Fue en la tienda abandonada, al borde de un pueblo fantasma, donde ello nos encontró. El olor llegó primero: a podredumbre y establo. Luego, la silueta maciza bloqueando la puerta. El Hombre Cerdo. Sus gruñidos formaban palabras retorcidas, promesas de una muerte sucia.

"La rubia... la llevaré a mi pocilga", bramó.

El terror me paralizó. Pero Kael se interpuso, su espalda ancha era mi muralla. En una mano empuñaba un machete pesado. En la otra, sostenía firme una Biblia pequeña y gastada.

—“No temeré mal alguno, porque tú estarás conmigo”, rugió su voz, un trueno de convicción que cortó el aire viciado. “¡Salmo 23:4!”

La criatura emitió un chillido de odio, como si las palabras le quemaran. Cargó. Kael esquivó el embate con una agilidad sobrehumana y el machete se hundió en el lomo grasiento del monstruo. No sangró, sino que supuró un líquido negro y espeso.

La persecución nos llevó al corazón del bosque ennegrecido. Yo corría, mi chamaca desgarrada por las ramas, mi corazón un pájaro a punto de estallar. Kael luchaba a mi retaguardia, cada golpe suyo era acompañado por la Palabra.

—“Con el escudo de la fe podré apagar todos los dardos de fuego del maligno. ¡Efesios 6:16!”

El Hombre Cerdo era fuerte, imparable. Derribó a Kael de un zarpazo. Se abalanzó sobre mí, su aliento fétido en mi rostro. Creí que era el fin.

Pero desde el suelo, Kael, con la voz llena de una furia santa, gritó:

—“¡Someteos, pues, a Dios; resistid al diablo, y huirá de vosotros!” ¡Santiago 4:7! ¡¡Resiste, Valeria!**

Su grito me dio un valor que no sabía que tenía. Agarré una rama gruesa y, con toda mi fuerza, la clavé en el ojo de la bestia. Ella aulló, retrocediendo en una agonía cegadora.

Kael se levantó, no como un hombre herido, sino como un ángel vengador. Se abalanzó sobre la criatura y, poniendo la hoja del machete sobre su cuello grotesco, pronunció la sentencia final:

—“Y el diablo que los engañaba fue lanzado en el lago de fuego y azufre... será atormentado día y noche por los siglos de los siglos.” ¡Apocalipsis 20:10!

Con un último y poderoso movimiento, separó la cabeza horrenda del cuerpo. La bestia se desintegró en un humo negro que olía a azufre, dejando solo un rastro de pura maldad que se disipó en el viento.

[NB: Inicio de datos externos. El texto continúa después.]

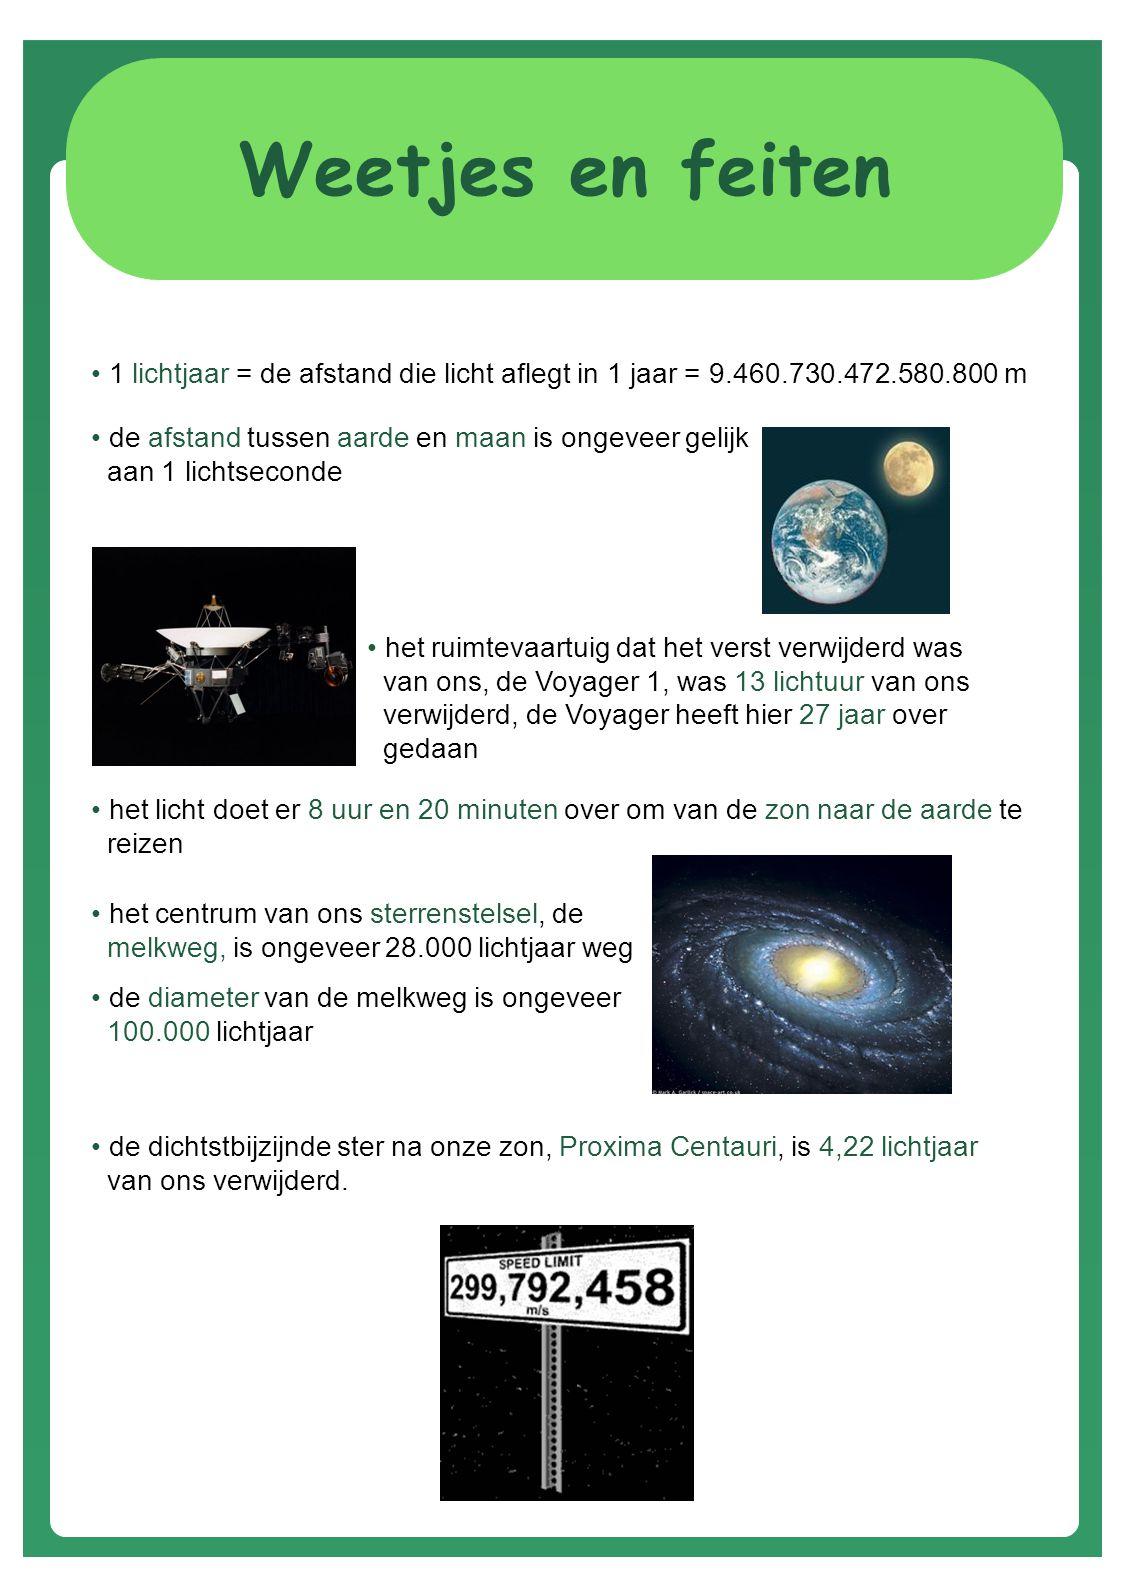 Weetjes en feiten 1 lichtjaar = de afstand die licht aflegt in 1 jaar = 9.460.730.472.580.800 m het ruimtevaartuig dat het verst verwijderd was van ons, de Voyager 1, was 13 lichtuur van ons verwijderd, de Voyager heeft hier 27 jaar over gedaan de afstand tussen aarde en maan is ongeveer gelijk aan 1 lichtseconde het licht doet er 8 uur en 20 minuten over om van de zon naar de aarde te reizen het centrum van ons sterrenstelsel, de melkweg, is ongeveer 28.000 lichtjaar weg de diameter van de melkweg is ongeveer 100.000 lichtjaar de dichtstbijzijnde ster na onze zon, Proxima Centauri, is 4,22 lichtjaar van ons verwijderd.

Jadeantes, en medio de la destrucción, nos miramos. Su mano, grande y fuerte, encontró la mía, pequeña y temblorosa. No éramos padre e hija por sangre, sino por elección y por el fuego de la batalla. Él, mi roca en la tormenta; yo, la razón por la que su fe ardía con tanta fuerza.

—Vámonos, hija —dijo, su voz ahora serena—. La noche atrae a otras cosas.

Y juntos, el guerrero y la chica de chamaca roja, nos perdimos en la espesura, dos faros de humanidad en las tinieblas del apocalipsis.